Examples

Wulffman is a versatile tool capable of illustrating an infinite variety of crystal shapes. A few examples are given below that demonstrate some of the basic program features listed above.

• Simple Wulff Shape Construction
  
  
  1. The Simple Cube :
     Crystal system: Cubic
     Point Group: Any! Facets: [100]
     Energy: 1.0
     Wulff shape : Cube
     
     
  2. Truncated Octahedron :
     Crystal systems: Cubic
     Point Group: m3m (for example)
     Facets: [100] and [111]
     Energies: 1.0 and 0.85
     Wulff shape : Cuboctohedron
     
     
  3. A hexagonal Pencil :
     Crystal system: Hexagonal
     Point Group: 6/mmm
     Facets: [431], [100], [210]
     Energies: 1.0, 0.86, 0.91
     Wulff shape : Modified Dihexagonal Dipyramid
     
     
  4. A trigonal Lozenge :
     Crystal system: Trigonal
     Point Group: 3_m
     Facets: [14n], n=6-12
     Energies: 0.65, 0.59, 0.55, 0.52, 0.50, 0.485, 0.48
     Wulff shape : Modified Hexagonal Scalenohedron
     
     
  5. Buckyballs! :
     Crystal system: Icosahedral
     Point Group: 235
     Facets: [111], [1 1.62 0]
     Energies: 1.0, 1.02
     Wulff shape : Buckyball
     
     
  6. Custom Flying Saucer :
     Crystal system: Custom
     Point Group: 37-fold roto-inversion around [001]

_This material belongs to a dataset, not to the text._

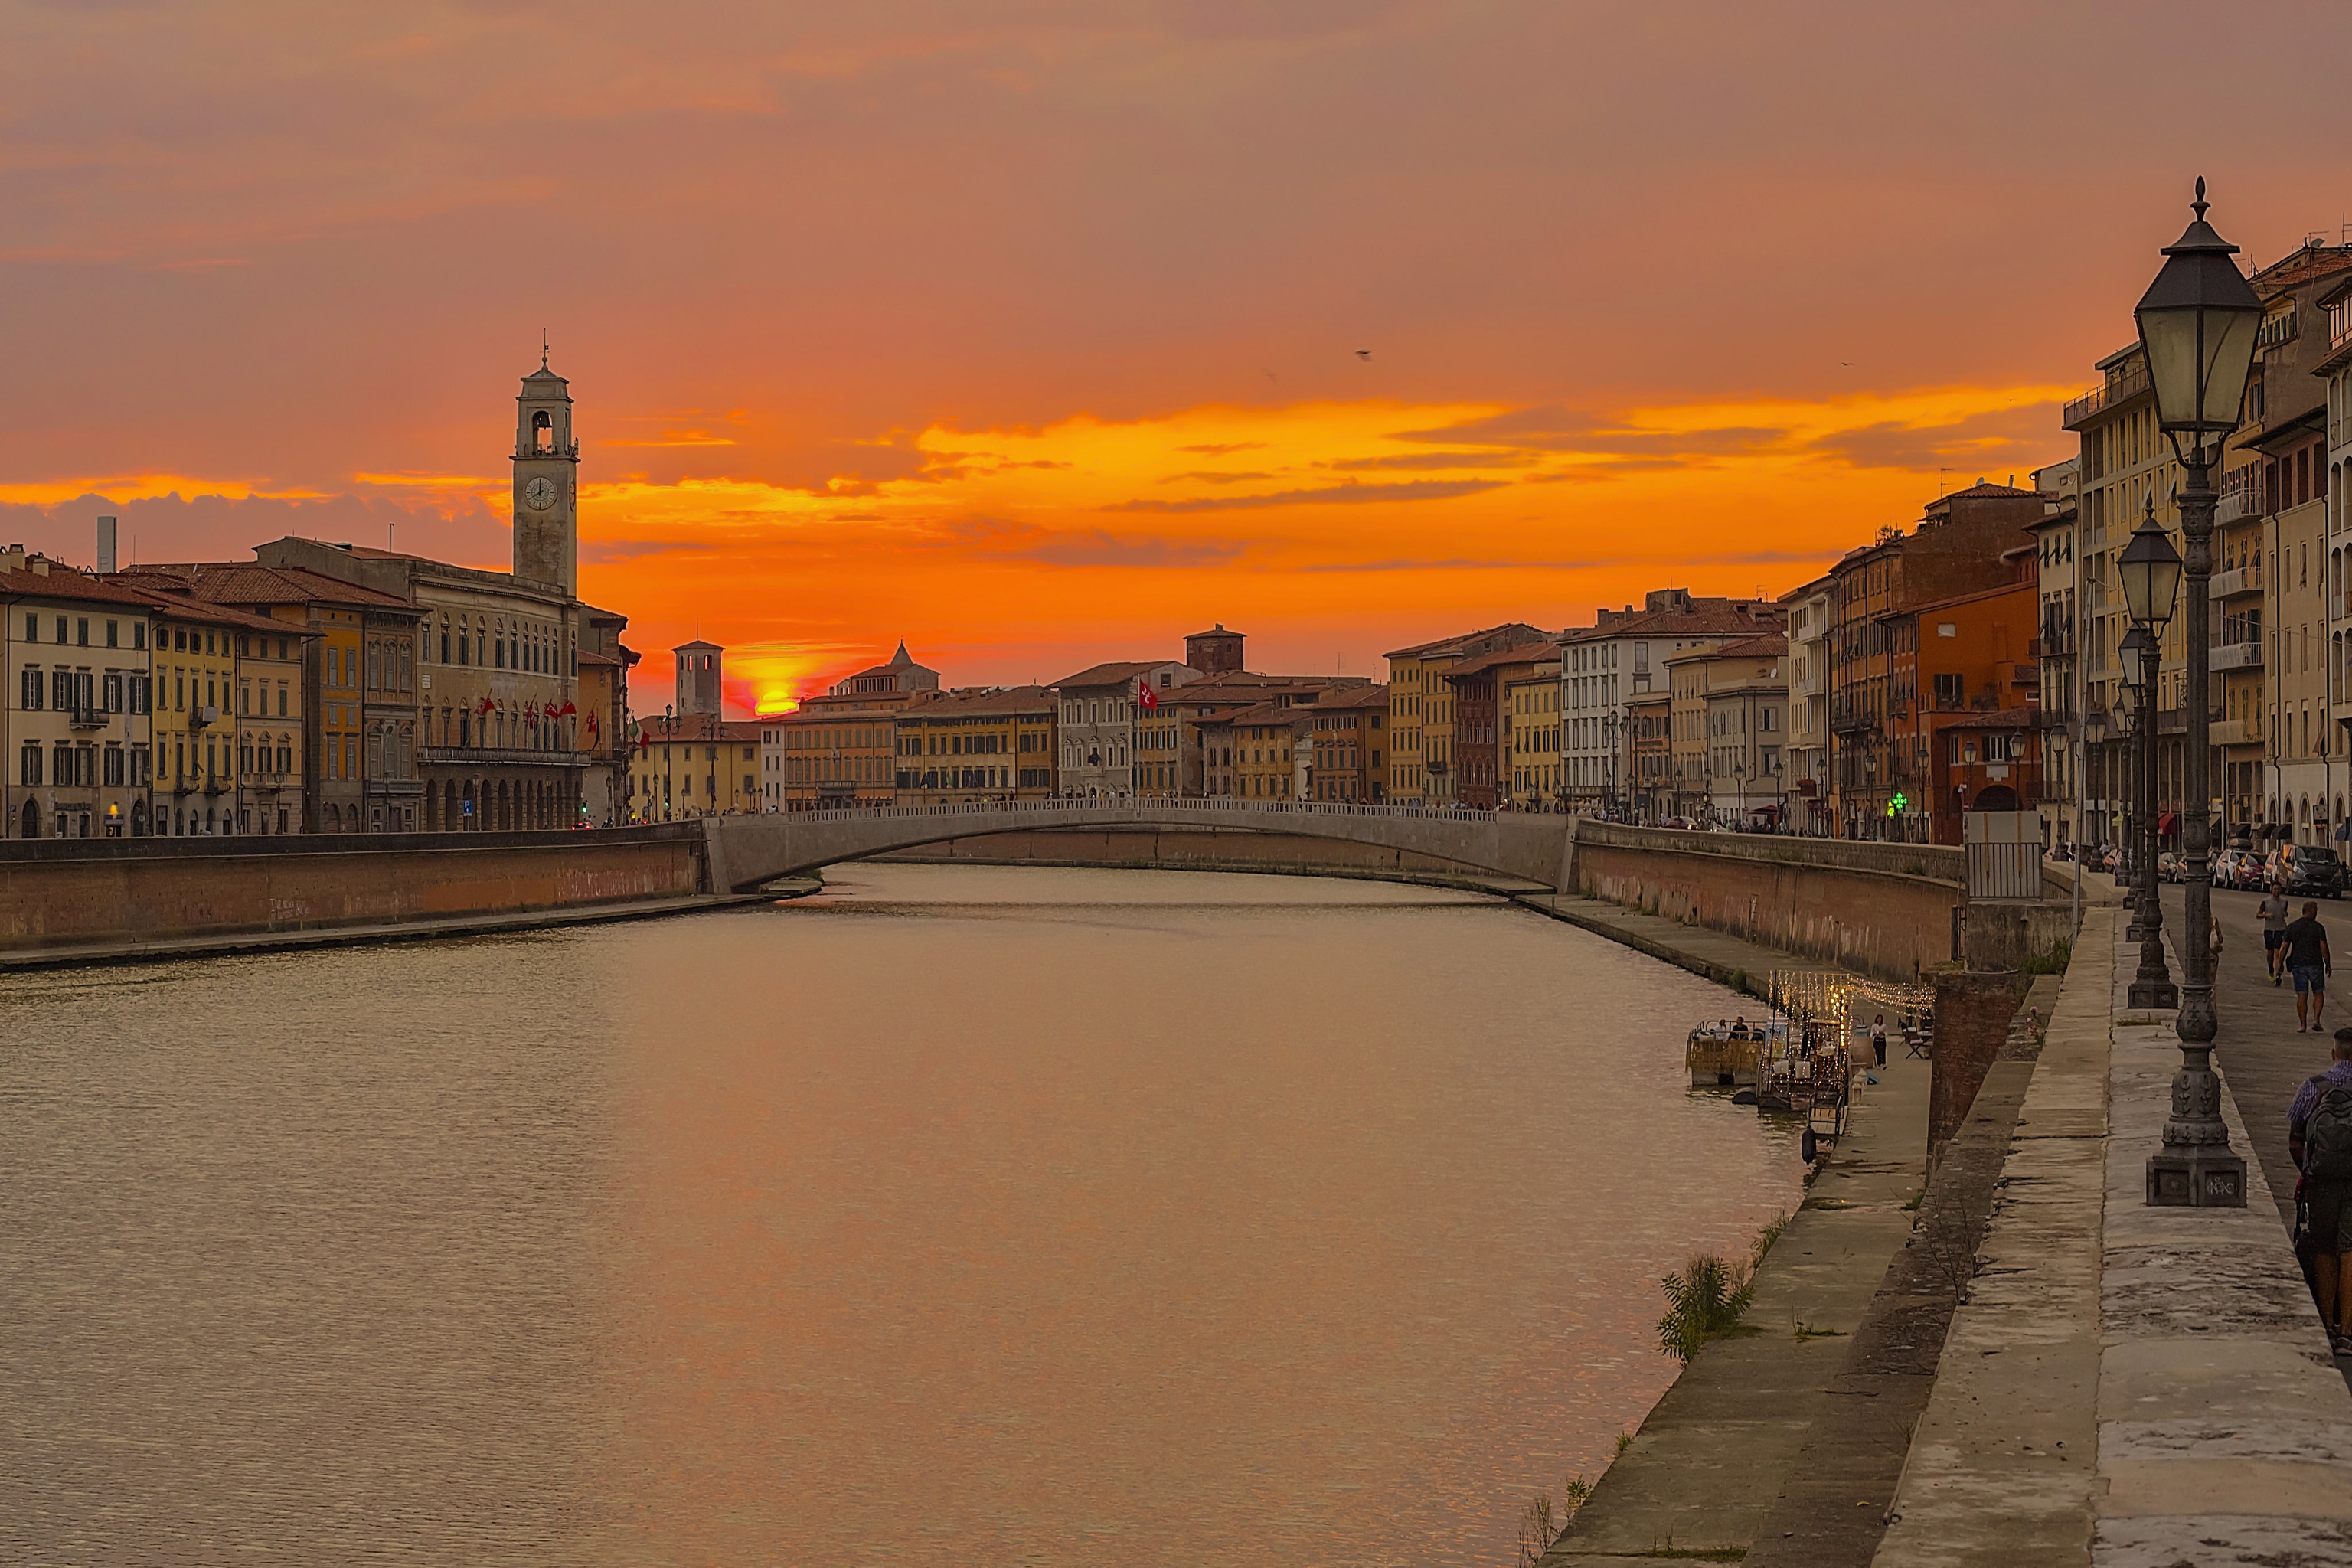 house, man made, pisa, building, italy, river, sunset, cities

     Facets: [148], [100], [217], [124]
     Energies: 0.85, 1.63, 0.87, 0.85
     Wulff shape : Flying saucer (?)
     
     
• Dynamic Wulff Shapes : Surface energy anisotropy
  1. Octahedron --> Truncated Octahedron --> Dodecahedron:
     Crystal system: Cubic
     Point group: m3_m
     Transformation: The beginning structure is an octahedron generated by [111] facets. [100] facets are added, and their surface energy is lowered until the truncated octahedron (cuboctahedron) results. [110] facets with low energy are included, and as their energy is decreased relative to [100] and [111], the dodecahedron results.
     Graphics: Animated GIF (170k)
     
     
  2. Stars and Icosahedra Forever:
     Crystal system: Icosahedral
     Point group: 235
     Transformation: A general icosahedral form with 60 [132] facets is generated. [111] facets are included and their energy is decreased until the regular icosahedra results.

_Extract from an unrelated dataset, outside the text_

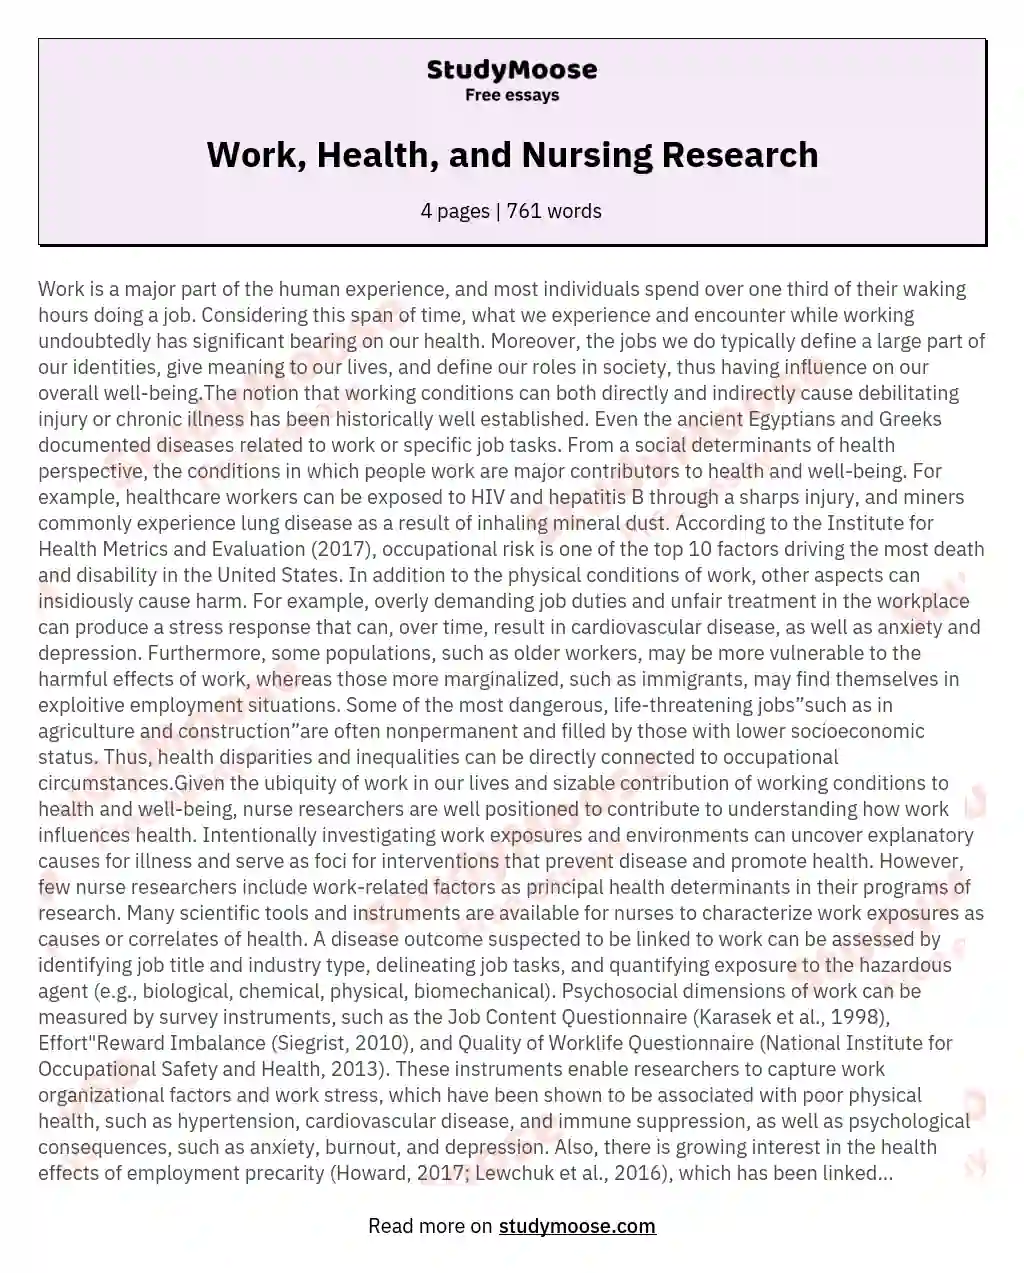 Work, Health, and Nursing Research essay

     Graphics: Animated GIF (270k)
     
     
• Unique Crystal Planes:
  Crystal system: Cubic
  Point group: 432
  Facets:
  Unique ("slice") plane: [112]
  Normal facets: [149], [216], [100]
  Description: Decreasing the energy of the unique plane [112] progressively slices off more and more of the Wulff shape. If the [112] facet had not been unique, 24 equivalent planes would have been generated.
  Graphics: Still GIF (11k) and Animated GIF (308k)
  
  
• Isotropic Surfaces Crystal system: Cubic
  Point group: m3_m
  Facets: [100] (Energy = 0.85)
  Boundary polytope: 500 facets, Skew = 0, Energy = 1.0
  Description: In the absence of a bounding polytope, [100] facets under cubic symmetry generate a cube Wulff shape. By adding an isotropic boundary polytope with a slightly higher energy, the corners end edges of the cube are cut off and replaced by smooth surfaces. The Wulff shape is effectively the intersection of a sphere and a cube.

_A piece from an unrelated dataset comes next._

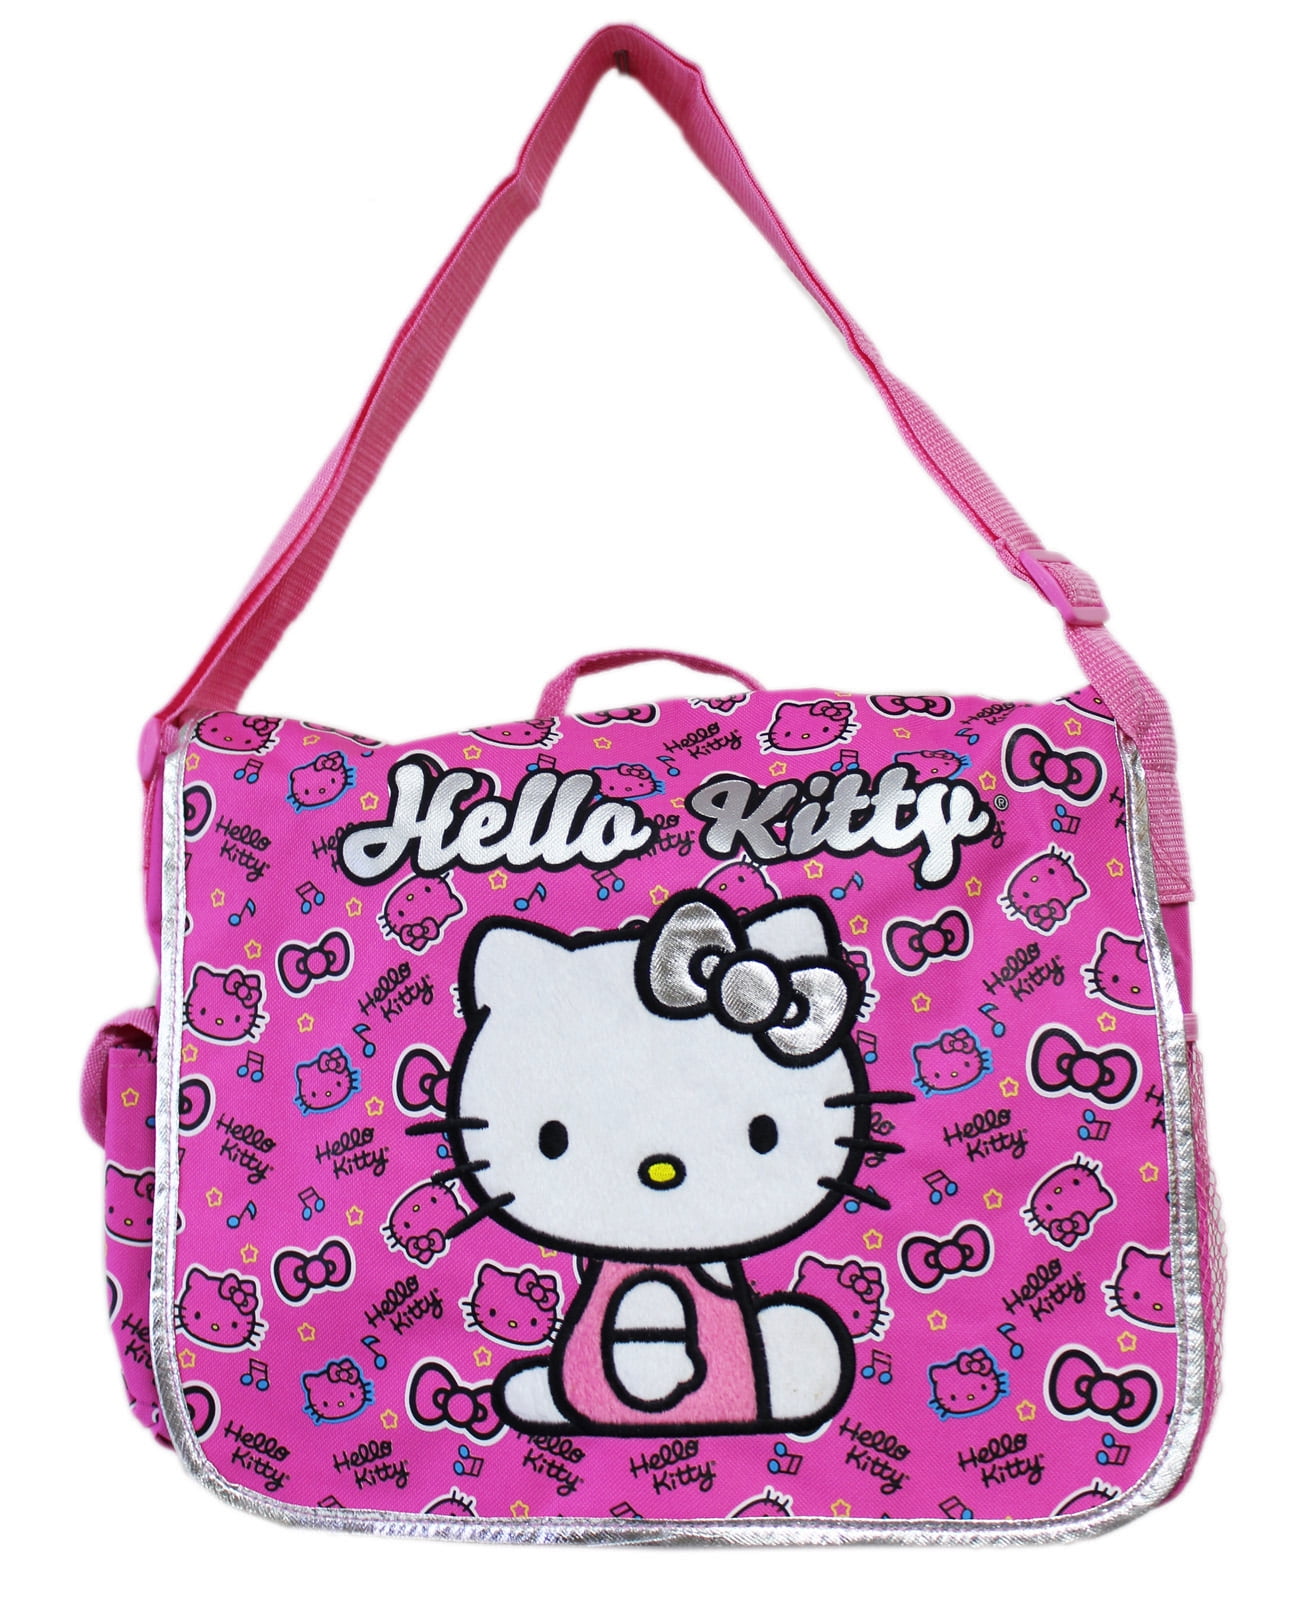 Sanrio's Hello Kitty Deep Pink Music Note and Hairbow Themed Messenger Bag

  Graphics: Still GIF (30k) and animated GIF (335k)
  
  
• Naturally-Occurring Materials
  The following are examples of Wulff shapes found to occur in nature (from Elementary Crystallography , M. Buerger, MIT Press, 1956):
  • Sulfur: An example of development in class mmm
  • Eglestonite : Hg4OCl2, an example of form development in class 43_m.
  • Beryl : Be3Al2Si6O18, Beryllium Aluminum Silicate, a semi-precious mineral, represents form development in class 6mm.
  • Rutile : TiO2, Titanium Dioxide, an example of form development in class 4mm.